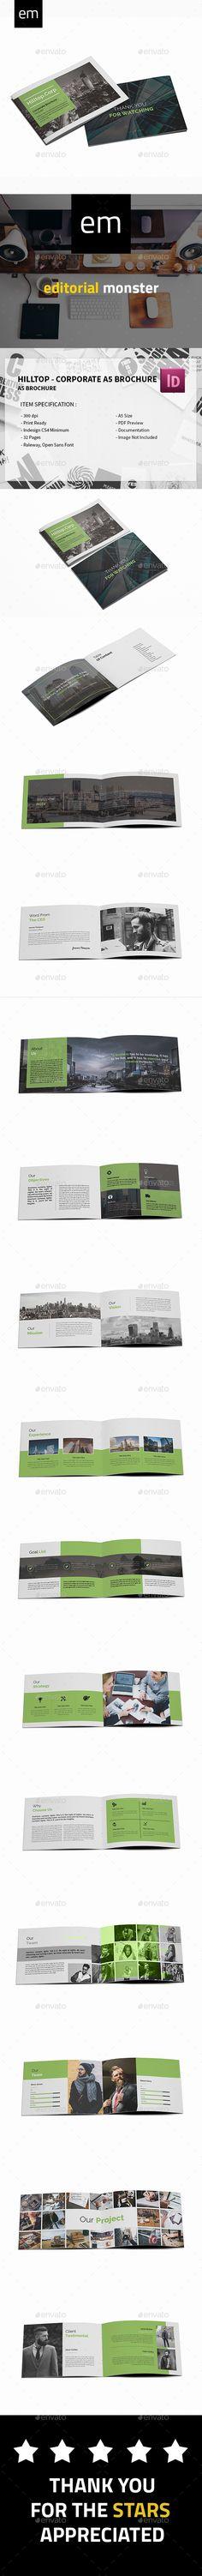 Hilltop - Corporate A5 Brochure
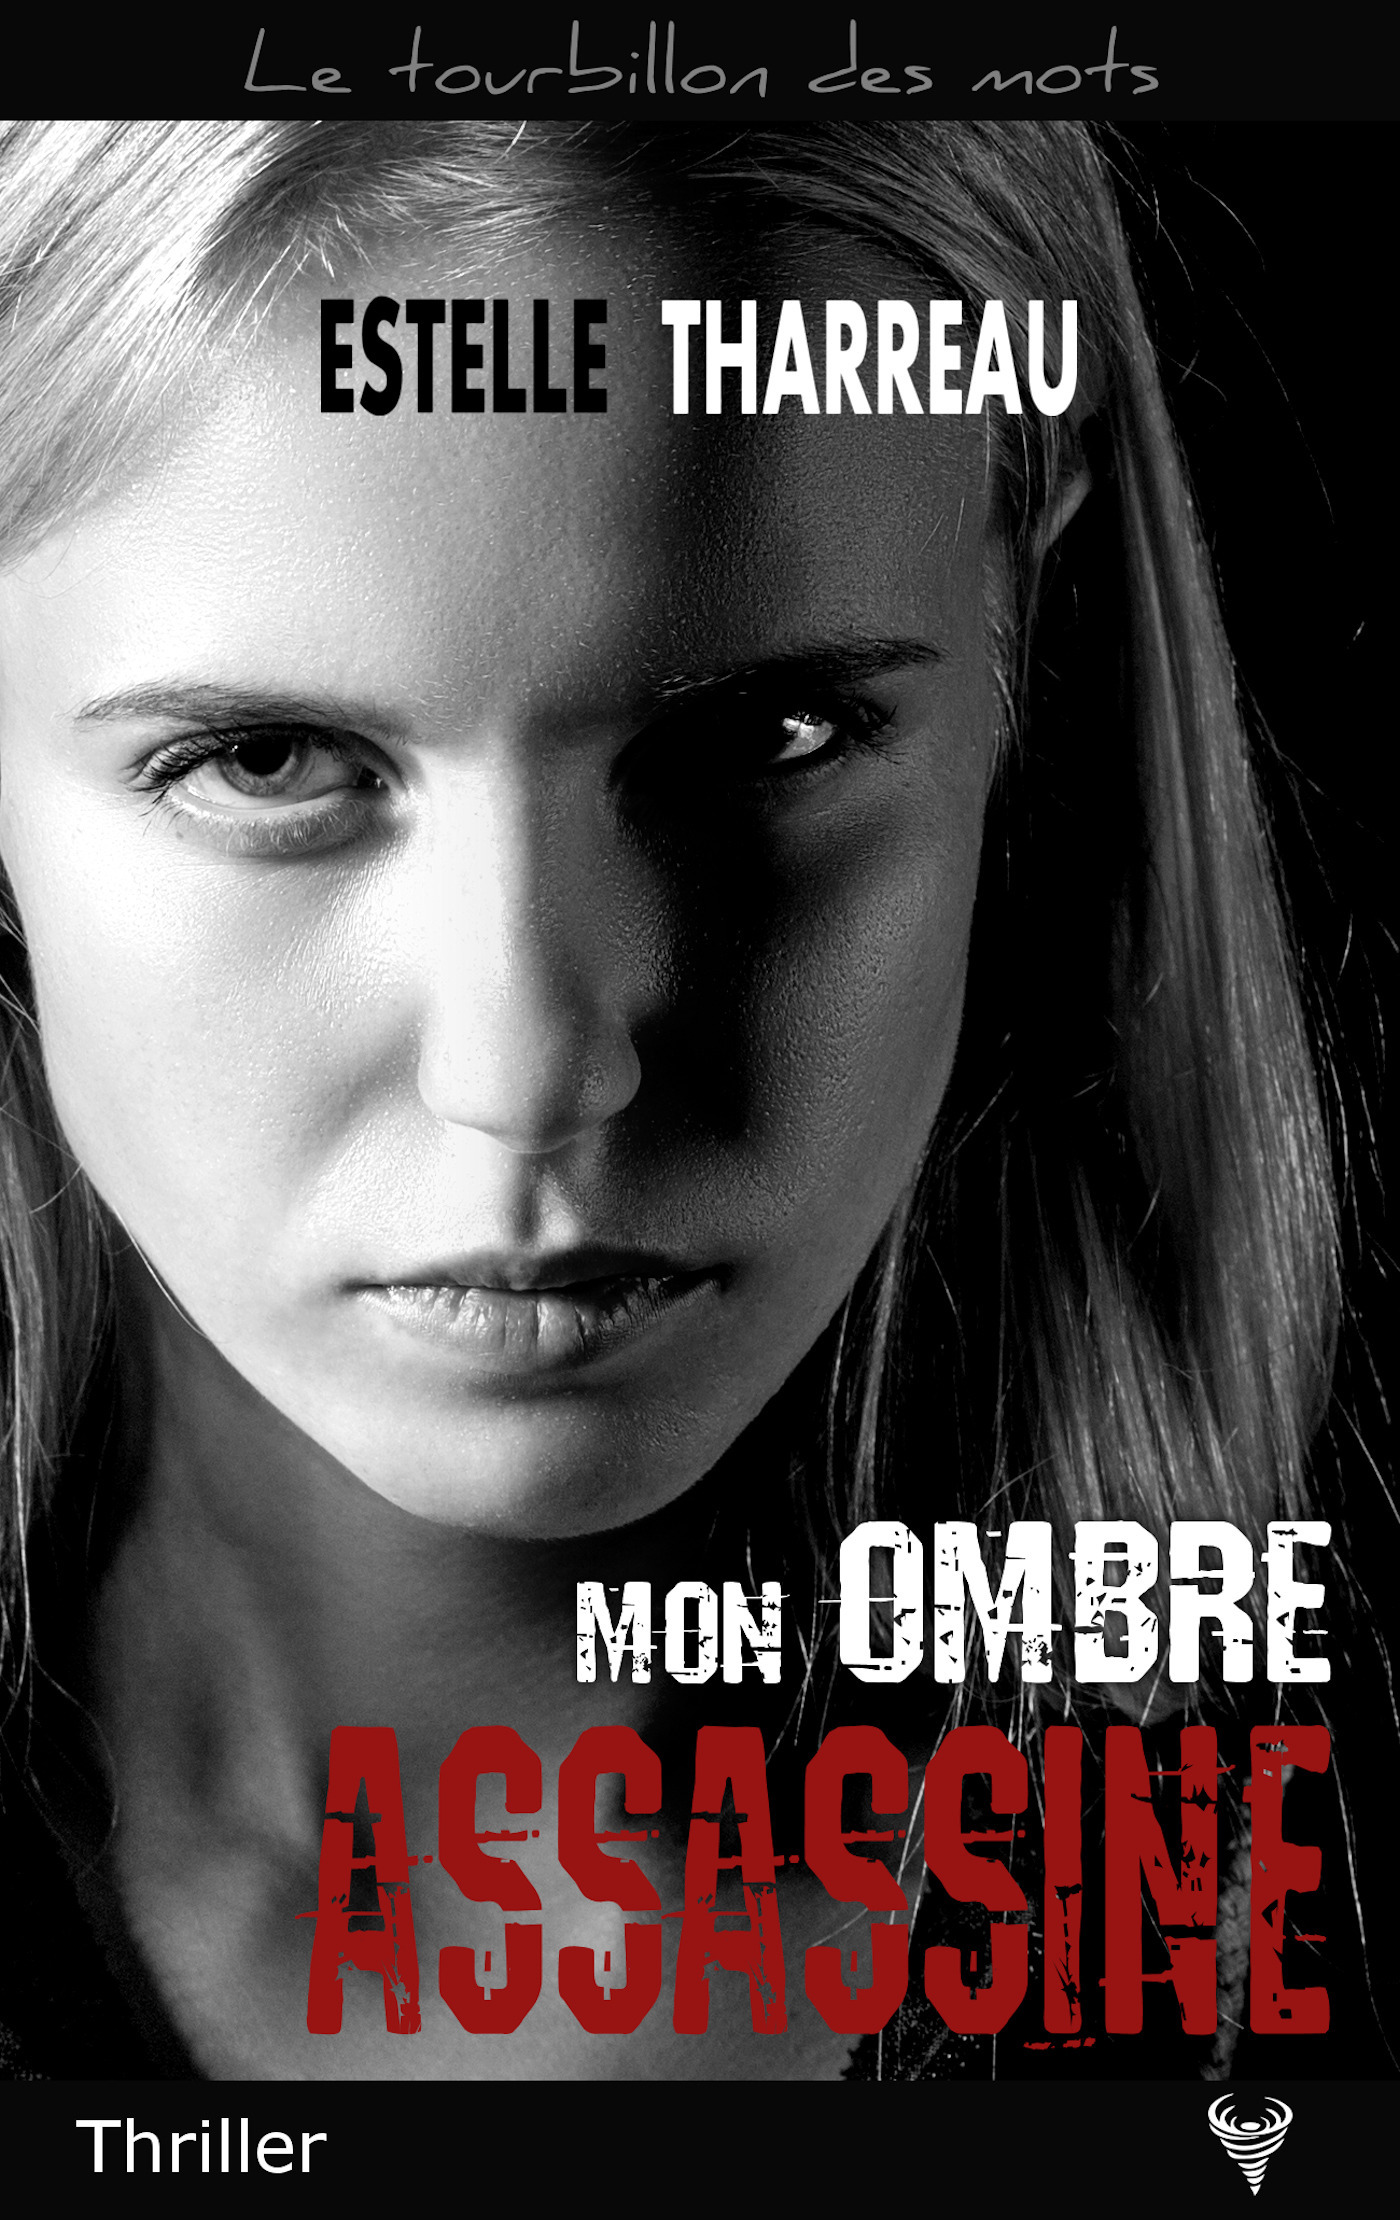 Mon ombre assassine  - Estelle Tharreau
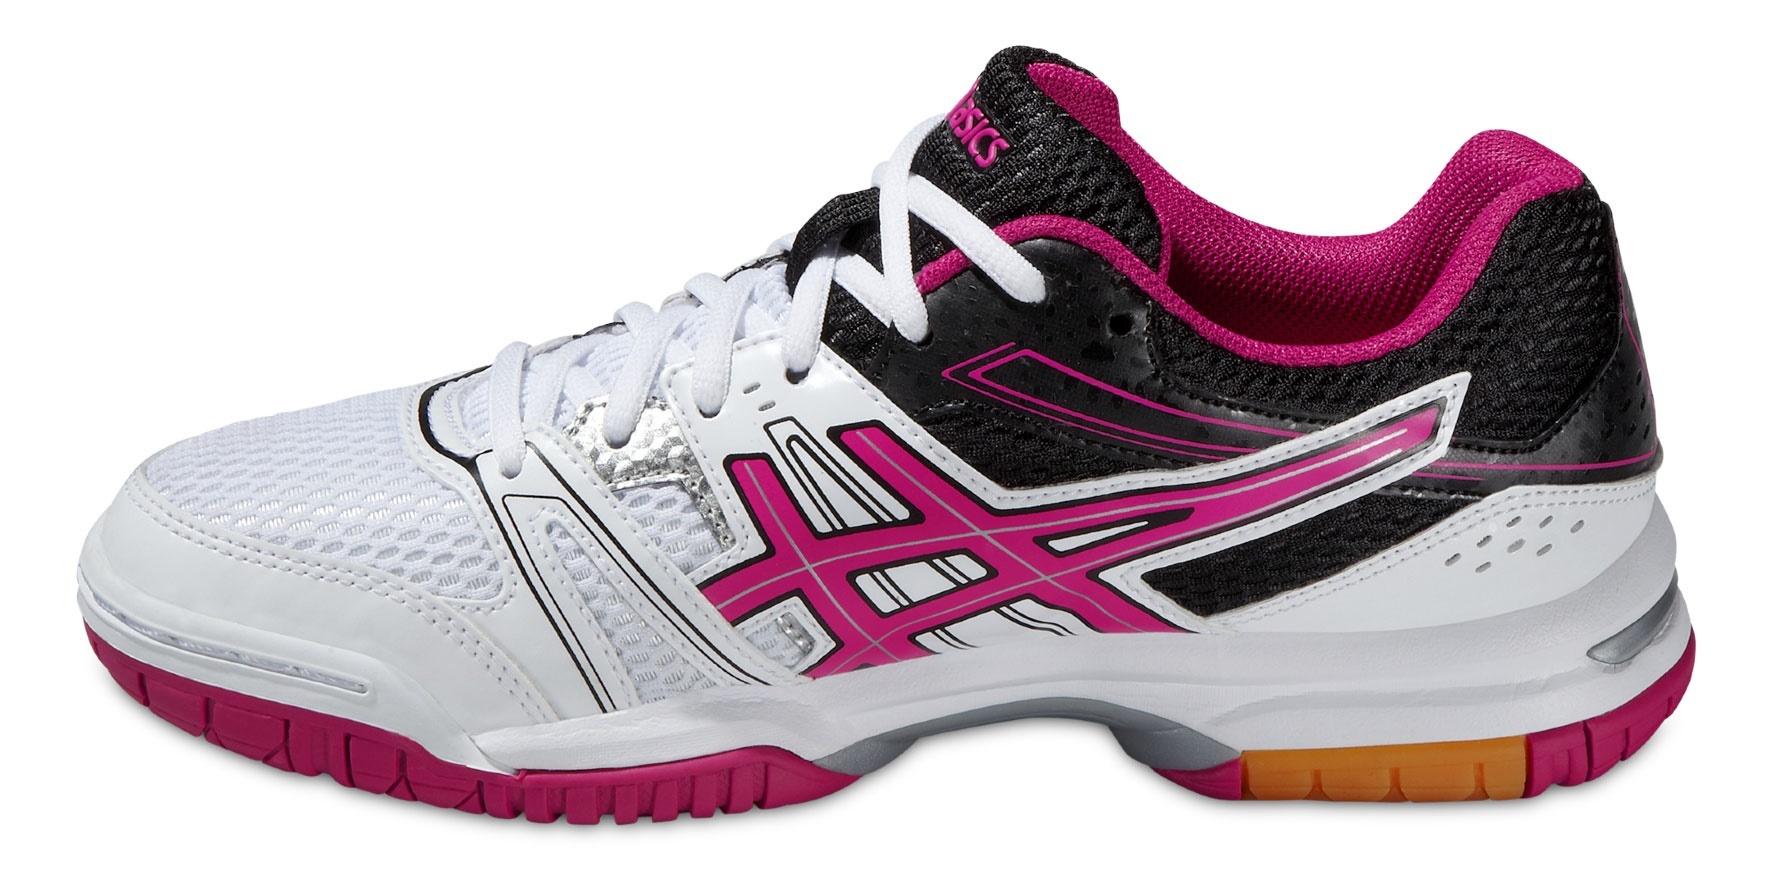 Женская обувь для волейбола Asics Gel-Rocket 7 (B455N 0125) фото
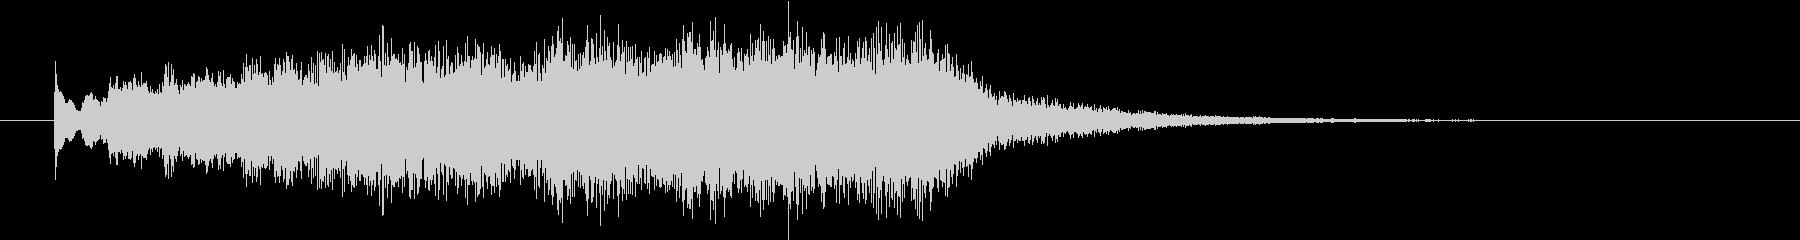 ジングル(ファンタジー2)の未再生の波形
----
§ TASK ITEM: Since the pictures are not wanted, transcribe the rest of the listing above exactly.

§ EXERCISE RESPONSE:
 Hilltop - Corporate A5 Brochure
 Mon ombre assassine  - Estelle Tharreau
 Женская обувь для волейбола Asics Gel-Rocket 7 (B455N 0125) фото
 ジングル(ファンタジー2)の未再生の波形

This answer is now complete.